United States District Court, D. Arizona

May 30, 2018

Murray Hooper, Petitioner,
Charles L. Ryan, et al., Respondents.


          Honorable Stephen M. McNamee, Senior United States District Judge.

         This case is before the Court on remand from the Ninth Circuit Court of Appeals. (Doc. 140.) The Court is directed to reconsider, in the light of Martinez v. Ryan, 566 U.S. 1 (2012), Claim 4 of Hooper's habeas petition, alleging ineffective assistance of counsel at sentencing. (Id.) The Court is also to reconsider its order denying leave to amend the petition to include Claim 16, alleging that Hooper's Arizona death sentence is based on invalid Illinois convictions. (Id. at 2.)

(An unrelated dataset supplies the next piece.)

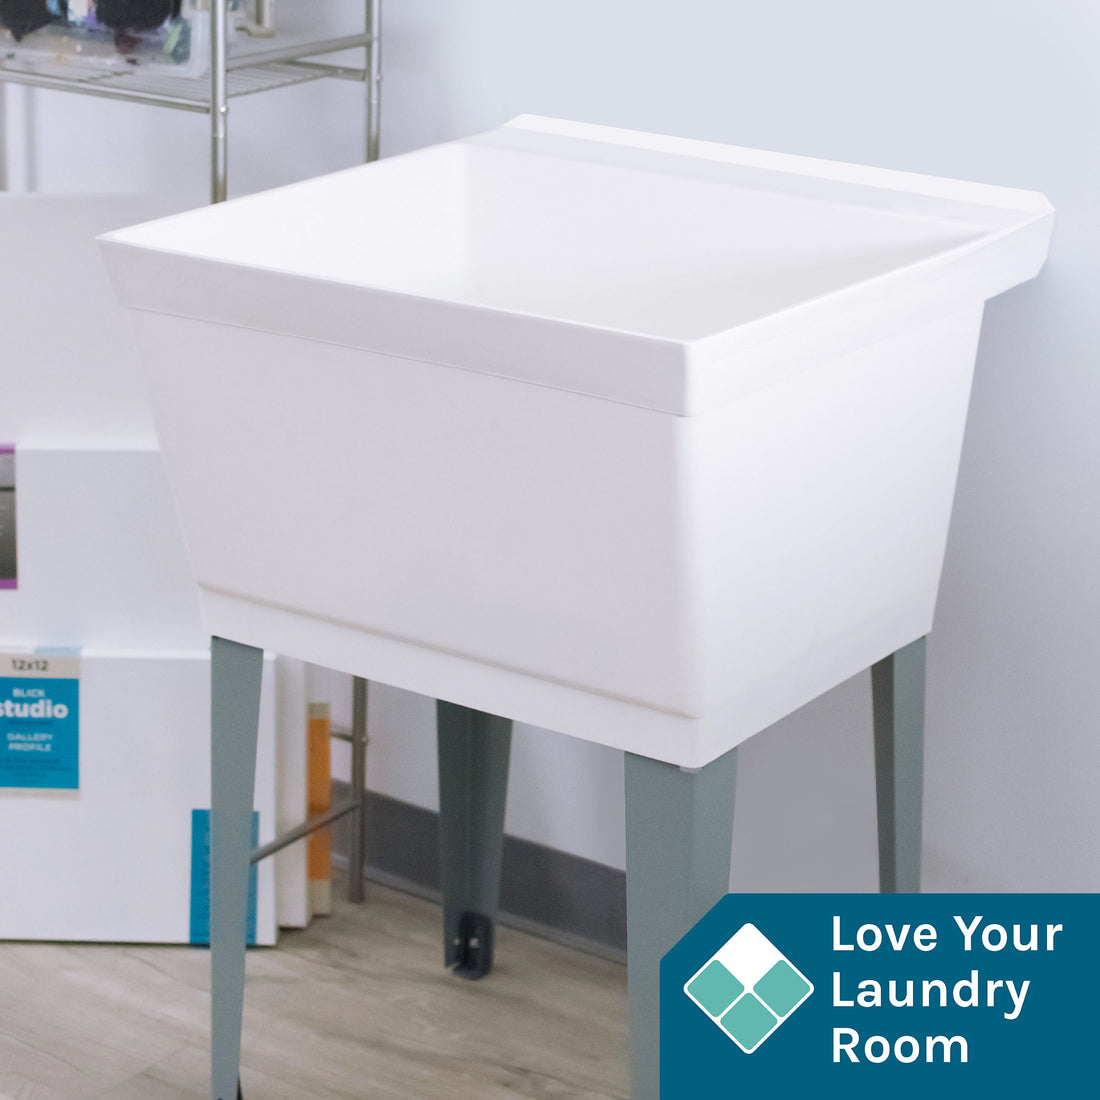 Tehila Standard Freestanding White Utility Sink with Grey Legs, Water Supply Lines Included - Utility sinks vanites Tehila

         The issues have been briefed. (Docs. 147, 152, 157.) For the reasons set forth below, the Court finds that Claim 4 remains procedurally defaulted and barred from federal review and that amendment of the petition to include Claim 16 remains futile.


         On December 24, 1982, a jury convicted Hooper and William Bracy of two counts of first degree murder, one count of attempted murder, criminal conspiracy, and other associated crimes. See State v. Hooper, 145 Ariz. 538, 543, 703 P.2d 482, 487 (1985); State v. Bracy, 145 Ariz. 520, 524-25, 703 P.2d 464, 469-70 (1985).

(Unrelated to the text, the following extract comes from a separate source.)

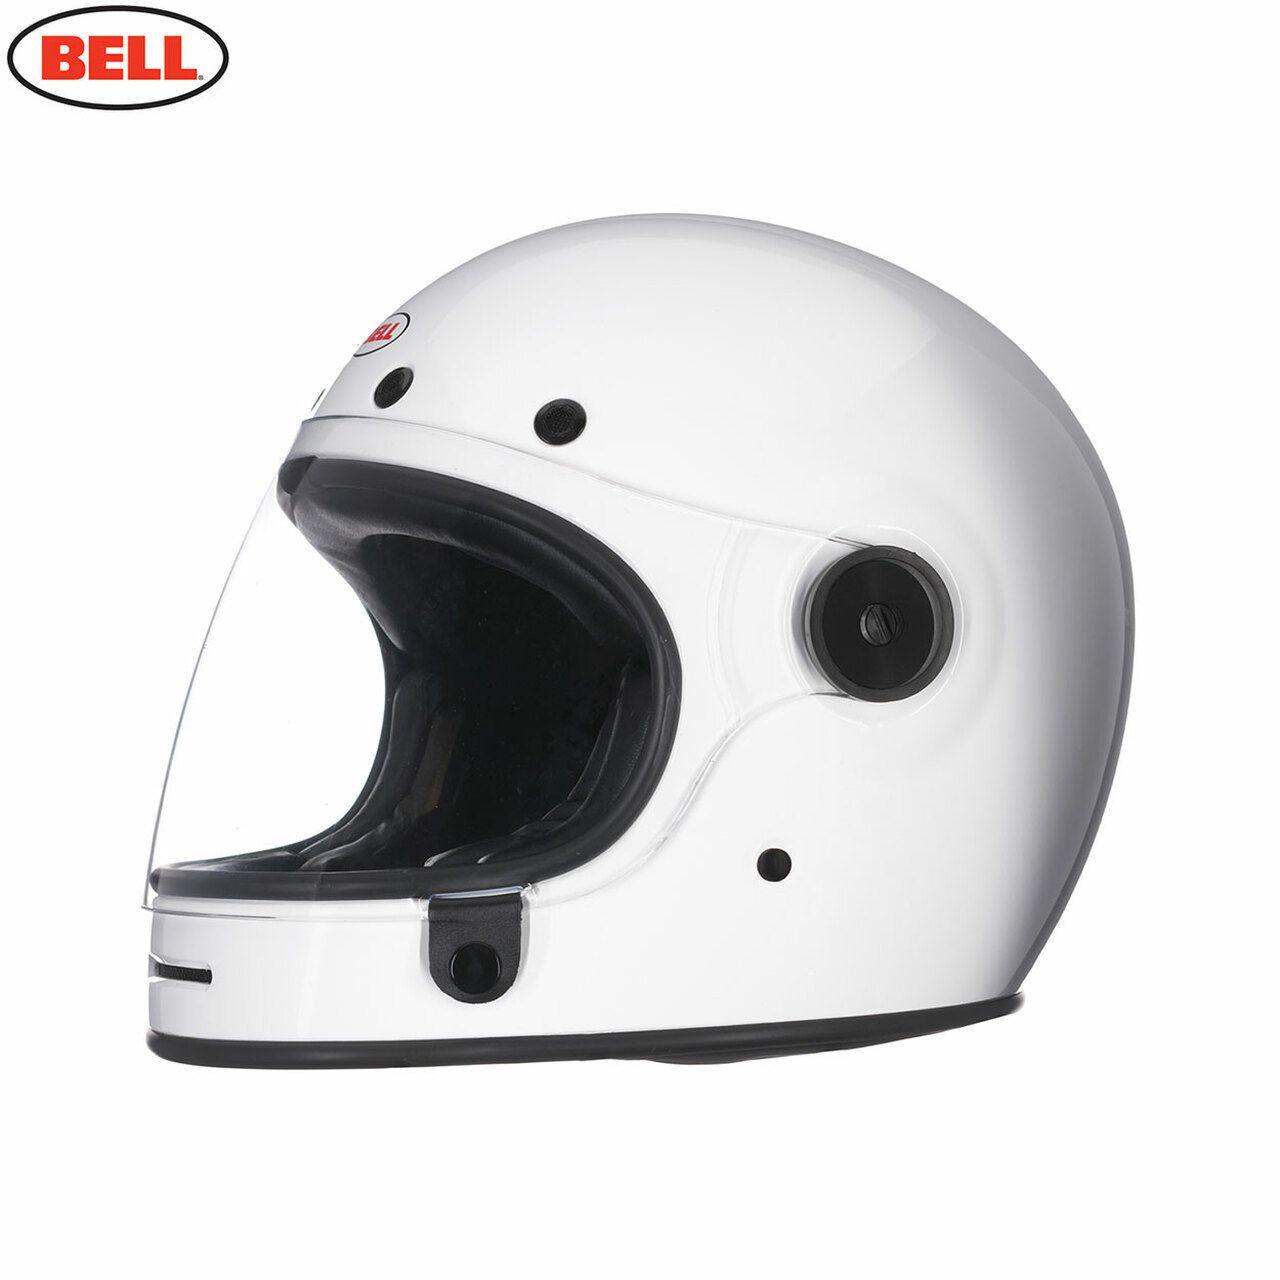 Bell 2020 Cruiser Bullitt DLX Adult Helmet Gloss White

         Pat Redmond and Ron Lukezic were partners in a successful printing business in Phoenix called Graphic Dimensions. In the summer of 1980, Graphic Dimensions was presented with the possibility of some lucrative printing contracts with certain hotels in Las Vegas, but these deals fell through.

         Robert Cruz, a businessman with ties to Chicago and Las Vegas, wanted Redmond killed in order to obtain his interest in the printing business and pursue the Las Vegas contracts. In September 1980, Cruz asked Arnold Merrill if he would be willing to kill Redmond for $10, 000. Merrill declined, but arrangements were made with others. In early December 1980, Cruz and Merrill picked up Hooper and Bracy who arrived on a flight from Chicago.

         Hooper and Bracy stayed in the Phoenix area for several days. Merrill took the pair to see Cruz, who gave Bracy a stack of $100 bills, some of which Bracy gave to Hooper. At Cruz's direction, Merrill took Bracy and Hooper to a gun store owned by Merrill's brother, Ray Kleinfeld. Hooper picked out a large knife and Bracy told Kleinfeld to put it on Cruz's account. Kleinfeld gave Bracy a bag containing three pistols. While Petitioner and Bracy were staying at Merrill's home, Merrill introduced them to Ed McCall.

         A few days later, Merrill drove Hooper and Bracy to a cocktail lounge patronized by Pat Redmond. When Redmond departed, they followed his car. While following Redmond, Merrill noticed Hooper pointing a gun at Redmond's vehicle, getting ready to fire. Merrill swerved from Redmond's car to prevent the shooting. After the failed shooting, McCall told Merrill that he was “joining up” with Bracy and Petitioner.

         On the evening of December 31, 1980, Hooper, Bracy, and McCall went to Redmond's home and forced their entrance at gunpoint. Redmond, his wife Marilyn, and his mother-in-law Helen Phelps were present. The three victims were taken into a bedroom where they were robbed of valuables, bound with surgical tape, and gagged. Each was shot in the head. Pat Redmond's throat was slashed. Pat Redmond and Helen Phelps died. Marilyn Redmond survived.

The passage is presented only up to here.